Research Thread 1: Sub-Saharan African Women in Engineering Higher Education

Dr. Hailu’s primary research thread, titled “The Experiences of Sub-Saharan African Women in Engineering Higher Education,” identifies the salient patterns, themes, and trends in engineering that encourage women to persist in their majors. Using phenomenological methods, quantitative survey methods, and systematic literature reviews, she examines what strategies high-achieving students use to navigate gendered learning environments and how they have leveraged gender-sensitive initiatives implemented by the Ministries of Education in Ethiopia, Rwanda, Uganda, and Kenya.

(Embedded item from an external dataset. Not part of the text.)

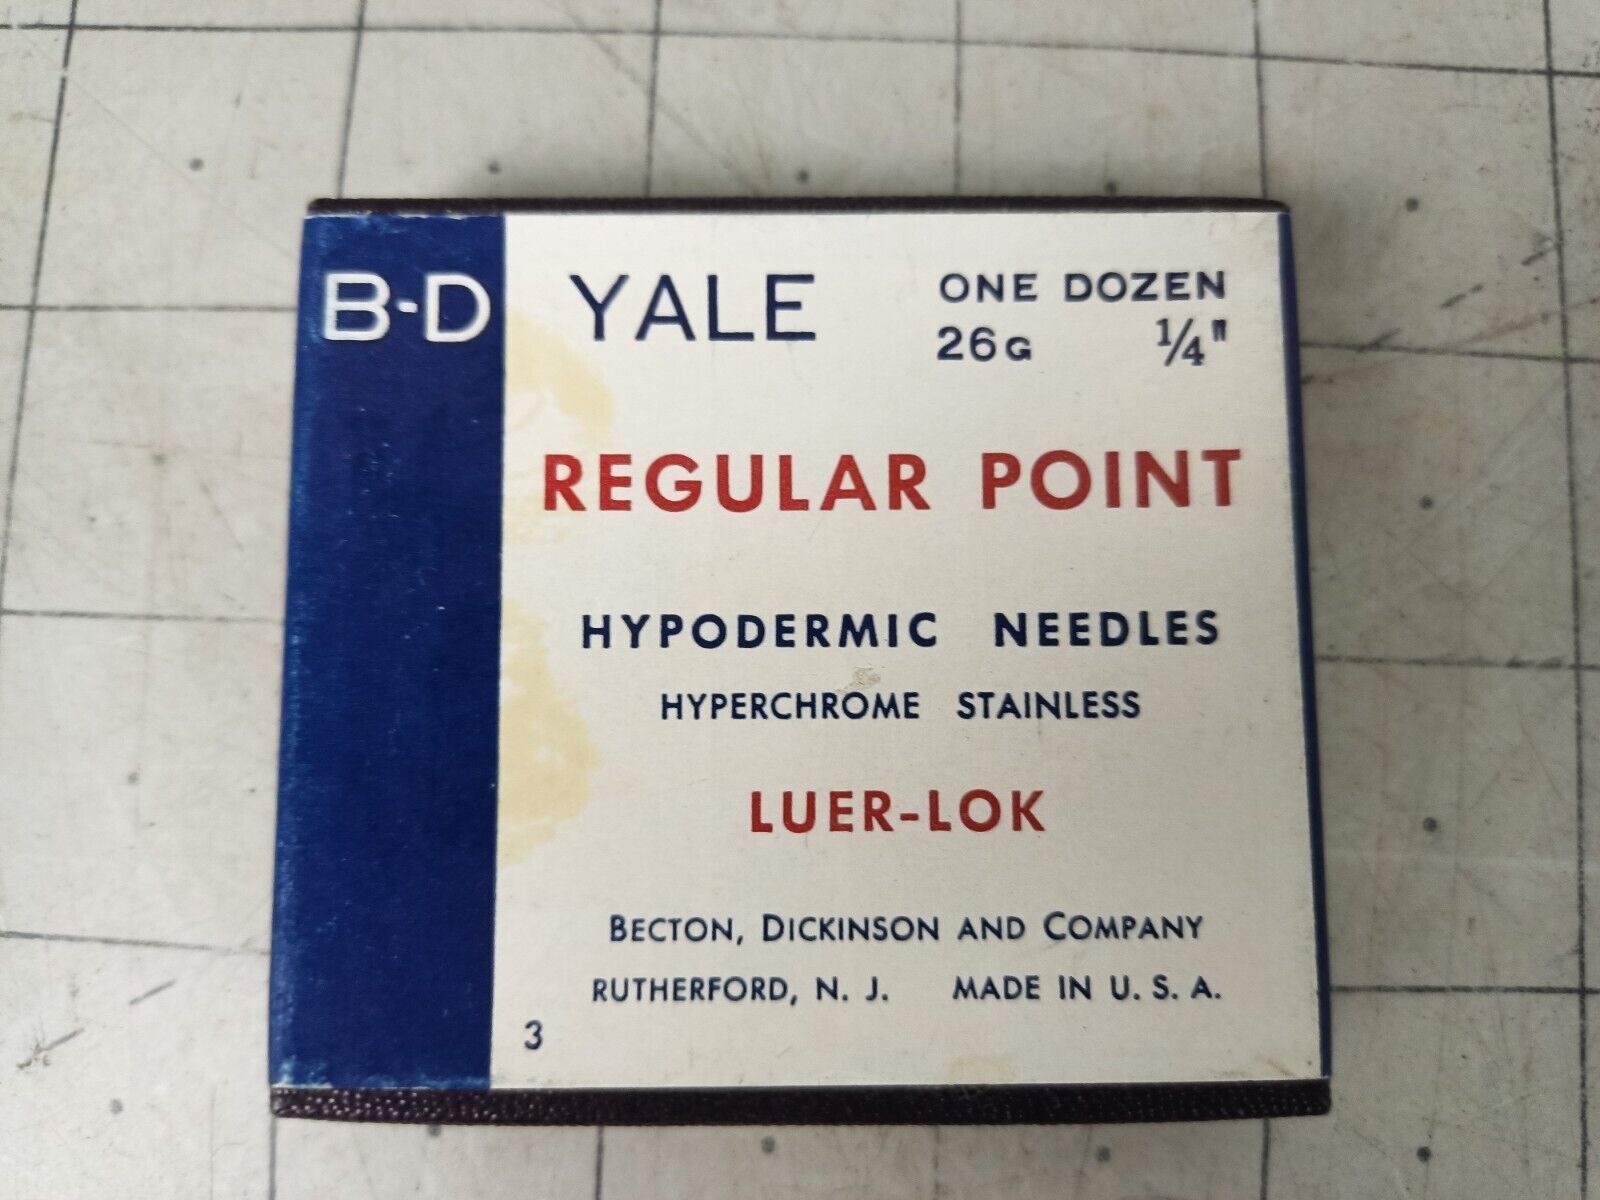 B-D YALE LUER-LOK ORIGINAL BOX OF 10 REGULAR POINT HYPODERMIC NEEDLES 26G 1/4”
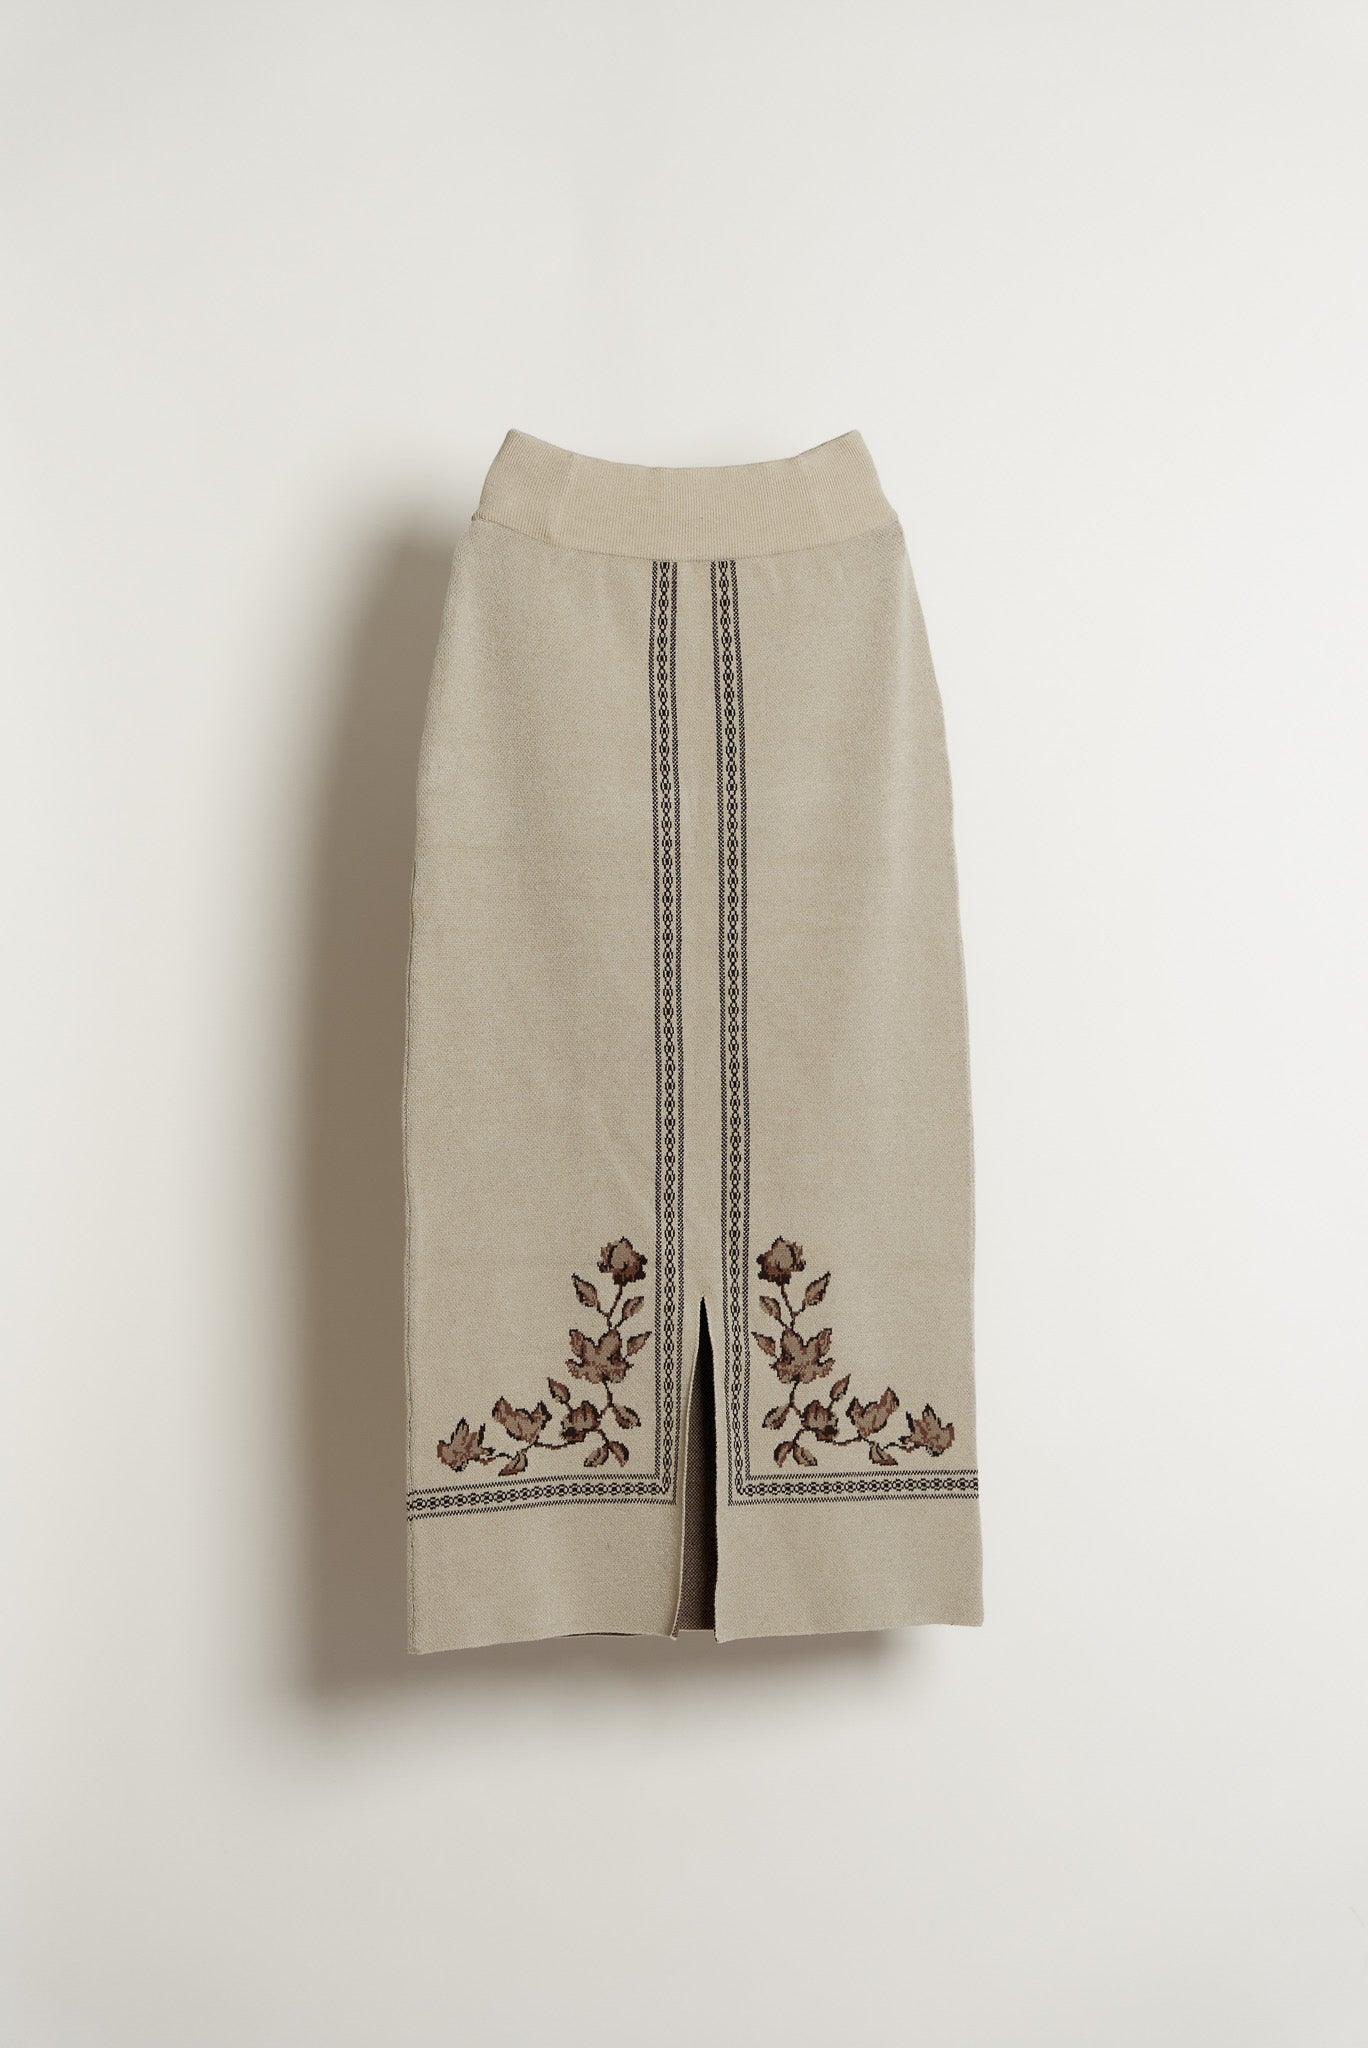 Eaphi / scarf motif knit skirt / beige実物のお写真見てみたいです

Research Thread 2: Black Immigrants and Refugees in U.S. STEM Higher Education

Dr. Hailu’s secondary research thread titled, “The Trajectories of Black Immigrants and Refugees in U.S. STEM Higher Education,” focuses on the politicized, racialized, and gendered dimensions of presumably objective disciplines. This work relies on critical discourse analysis, case studies, and survey instruments to better understand how immigrants and refugees use their cultural epistemologies to gain degrees in science, engineering, and mathematics fields. She focuses on STEM majors in this research thread because of this discipline’s rising prominence in the U.S. job market.